On Rasbian, it’s easy to turn off the Pi’s LED. Those commands do not work in Debian so the question is, how to I turn off the red and green light on a Raspberry Pie 3B running Debian 10?


I installed Home Assistant Supervised on Debian 10 on a Raspberry Pi 4. All working properly so far. However, what I’m missing is being able to address the GPIO ports.

With HASSIO this worked previously. So the hardware ports are ok.
Are there any suggestions on how to achieve this with Debian 10?

My previous crappy SSD failed after just three months, and now I’ve put some effort into reducing disk writes to try and extend the life of the new one.

I put it on paper, should anyone be interested…

Sorry if this the wrong thread to post this, but I think the answer to this question may be related to how I have installed HA (supervised on Debian Buster/64 on pi):
What is the currently recommended method for a complete backup of the complete pi installation, not just HA supervised through snapshots (I mean the whole system-bootable or .img)? I boot from an SSD connected to a USB3 port. Ideally I would like to automate such a procedure at a given time point. Target could be an SD, USB stick/HDD or network. I’ve run across and along with various other tutorials/methods. But they usually talk about SD backups etc. and it seems that the whole procedure could be a tad easier (GUI oriented). Why can’t more “mainstream” solutions be used, like for example ?
Finally, I see in all tutorials that it’s recommended to stop various services before the actual backup process is started. Which services should be stopped in HA supervised installation before a complete backup?

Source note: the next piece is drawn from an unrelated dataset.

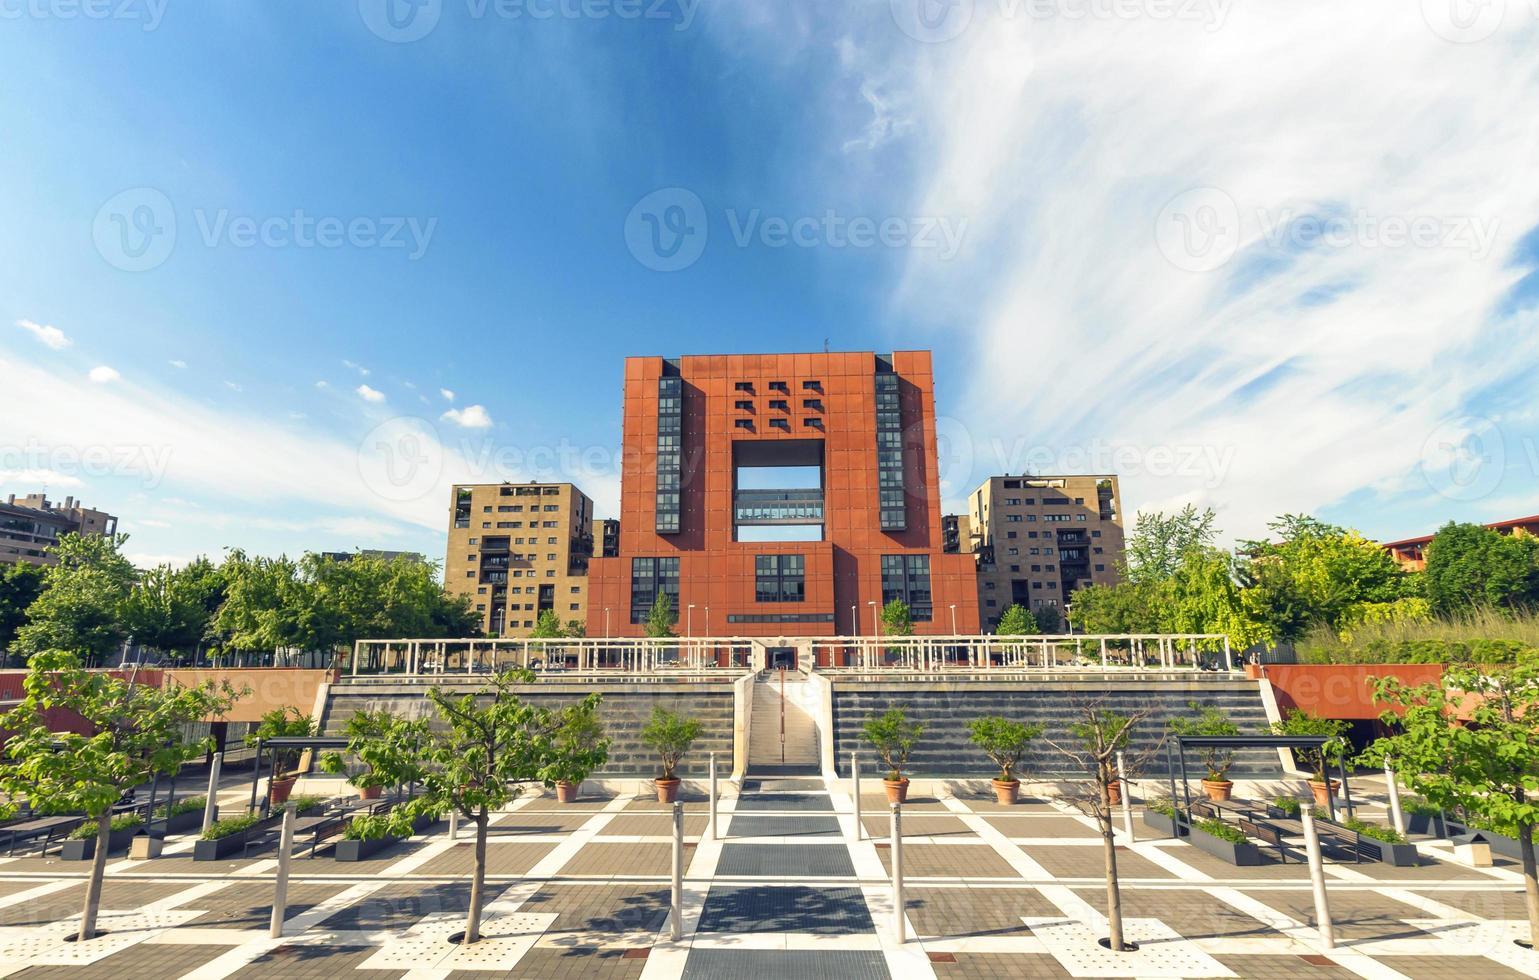 università bicocca, milano italia foto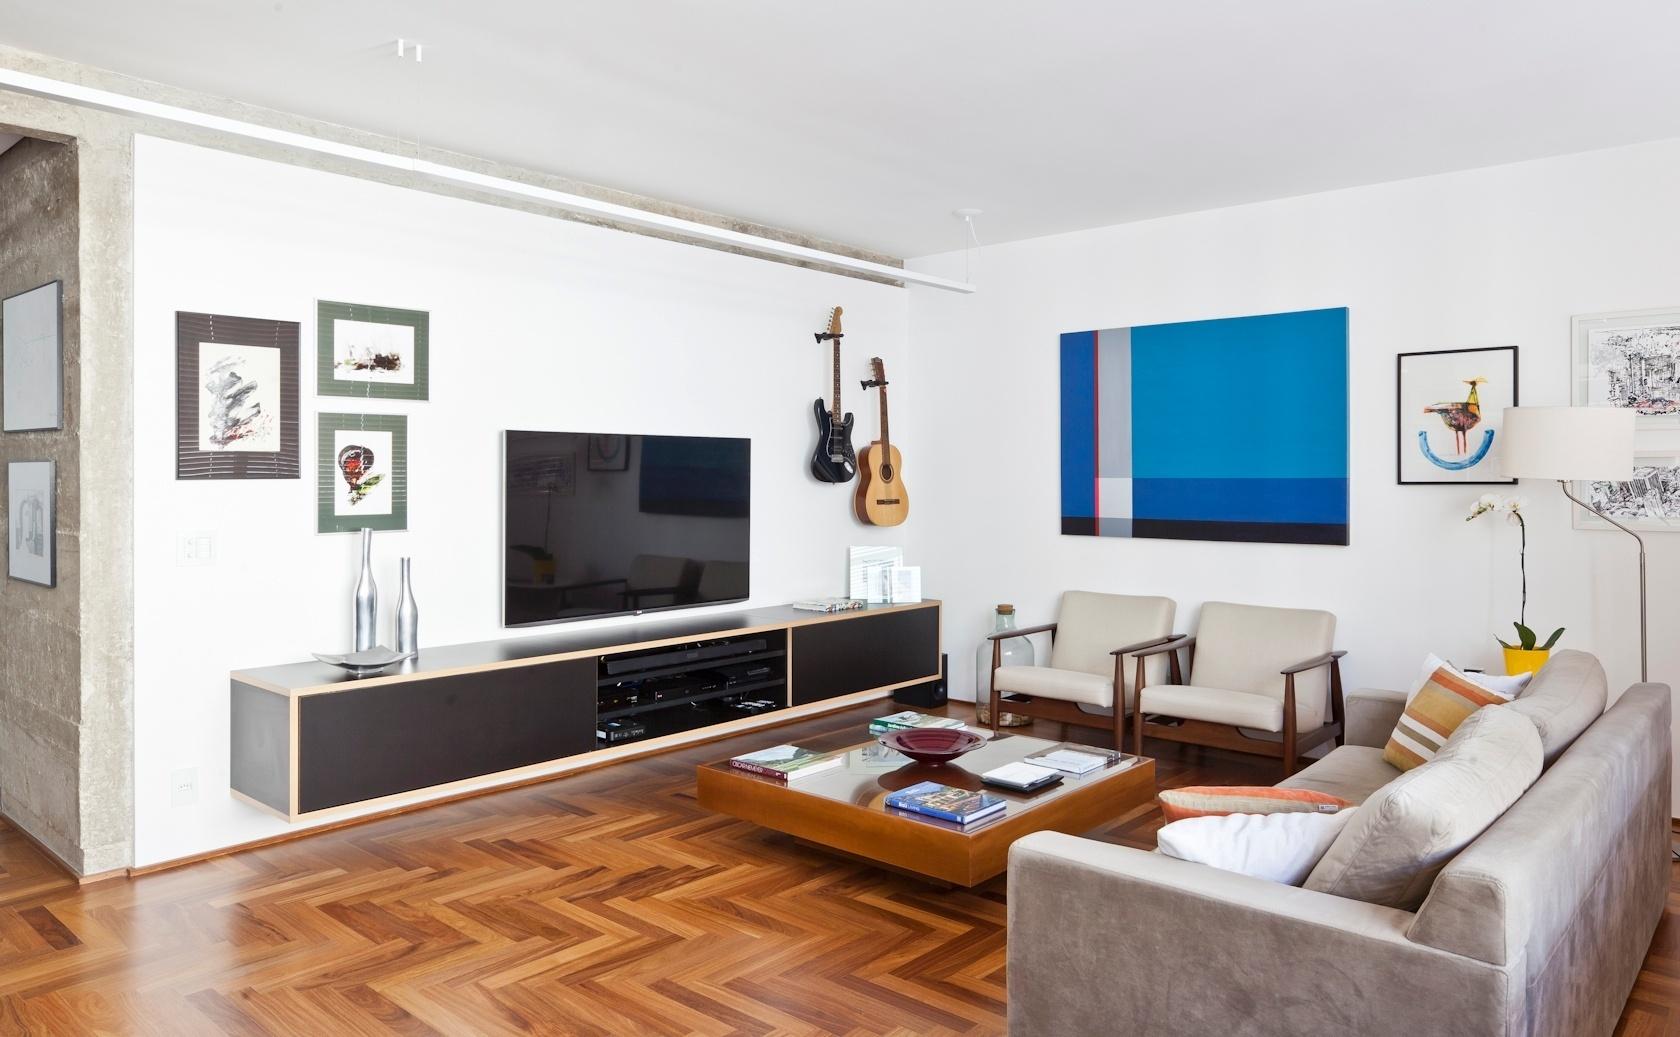 Uma parte do mobiliário do apartamento de 160 m2 no bairro do Paraíso, em São Paulo, nasceu no próprio escritório, como o rack da TV. O arquiteto Renato Dalla Marta, do AUM Arquitetos, trocou o piso por assoalho de cumaru, instalou luminárias pendentes na sala de estar e revelou a estrutura de concreto

You’re always going to have to stop a boatload of services to make a reliable backup on a running system.

The only recommended way to backup an entire system drive is :
*shut down system
*clone the OS drive, using something like Clonezilla.

However, if your Pi is only running Home Assistant, then there’s really no valid reason to avoid using the snapshot feature. Make sure your snapshots are stored outside of the Pi.

Whichever backup method you select, you will always have to restore the system image. Might as well re-install Debian and install Home Assistant, and restore your latest snapshot. It would take about the same time as restoring a full system image, or any other kind of total backup.

All-in-all, this is pretty far removed from the original topic.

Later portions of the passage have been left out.